◆ **WORK INSTRUCTION**
From the material below, set down exactly the lines that run from the one containing "laternenbastelset 13 mit" to the one containing "会場では天宅さんがパッケージ", minus the pictures.

◆ **INFORMATION SUPPLIED**
+-------+

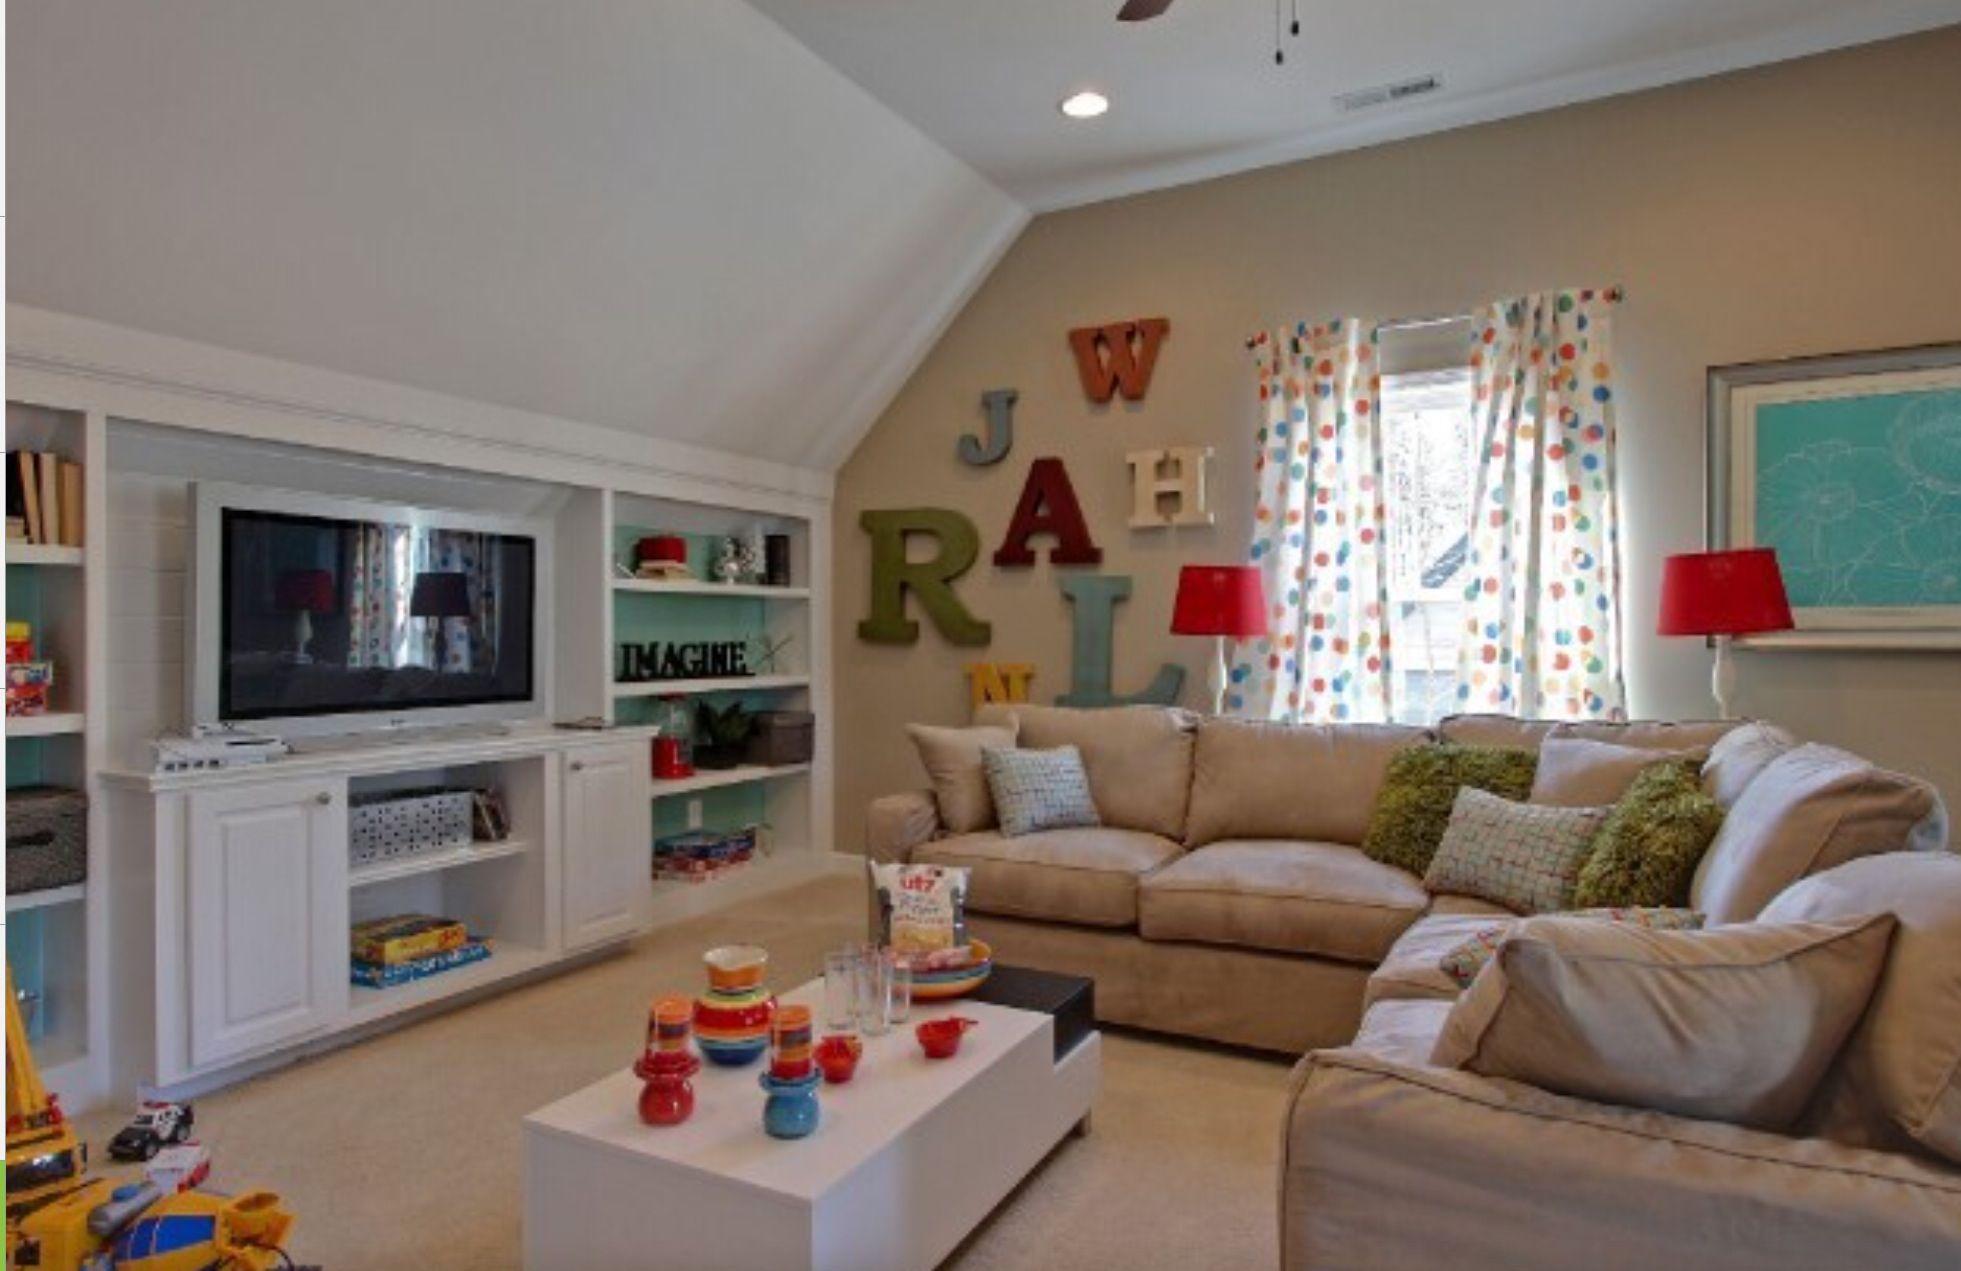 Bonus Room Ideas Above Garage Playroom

+-------+

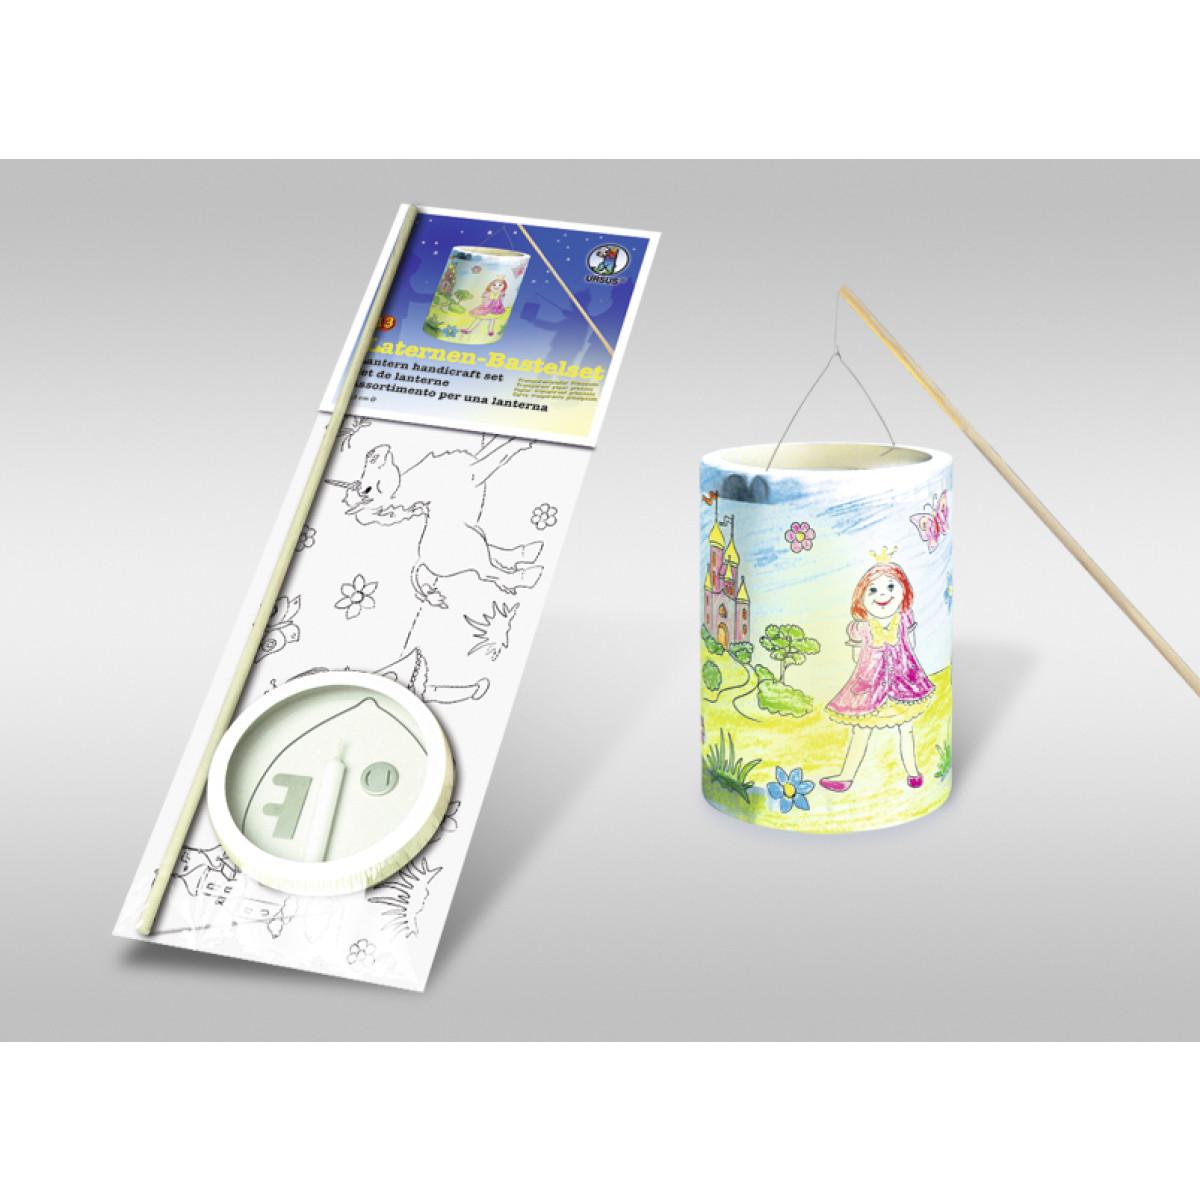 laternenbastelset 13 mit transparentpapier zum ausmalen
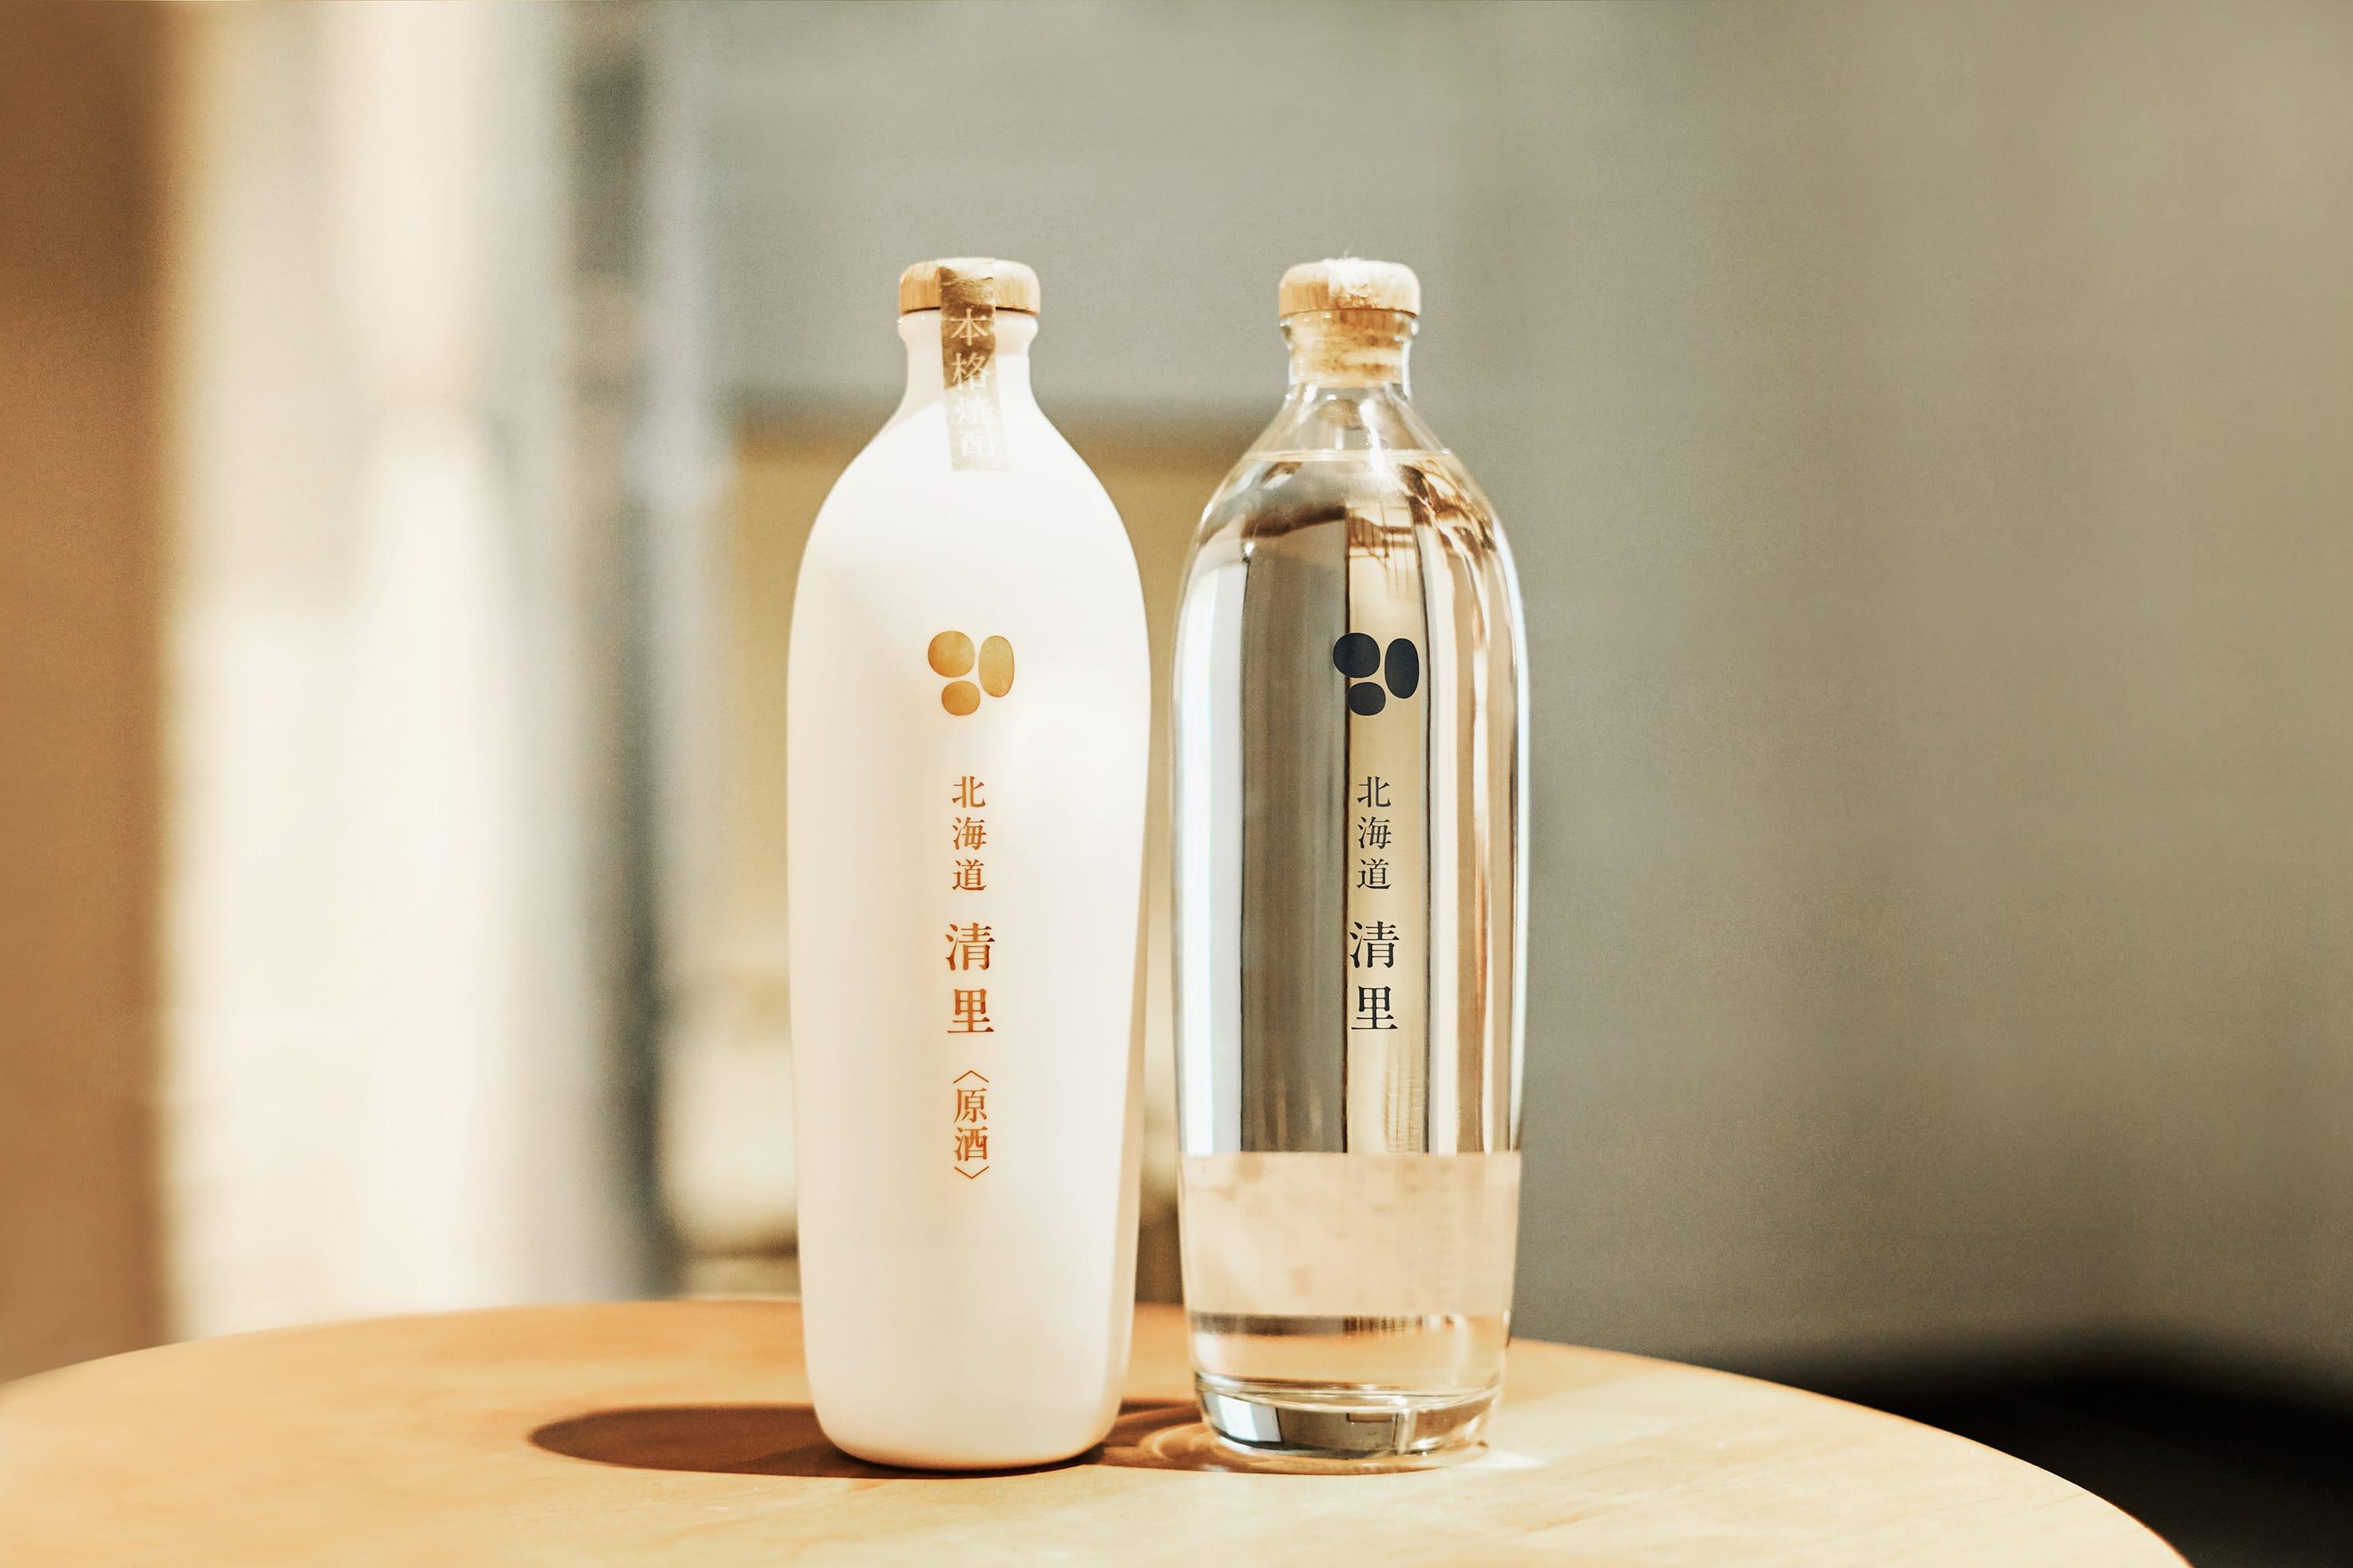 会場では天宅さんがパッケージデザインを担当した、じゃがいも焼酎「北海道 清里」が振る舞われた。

+-------+

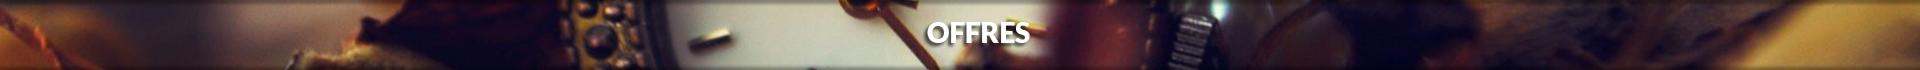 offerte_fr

+-------+

◆ **ANSWER TO THIS TASK**
 laternenbastelset 13 mit transparentpapier zum ausmalen
 会場では天宅さんがパッケージデザインを担当した、じゃがいも焼酎「北海道 清里」が振る舞われた。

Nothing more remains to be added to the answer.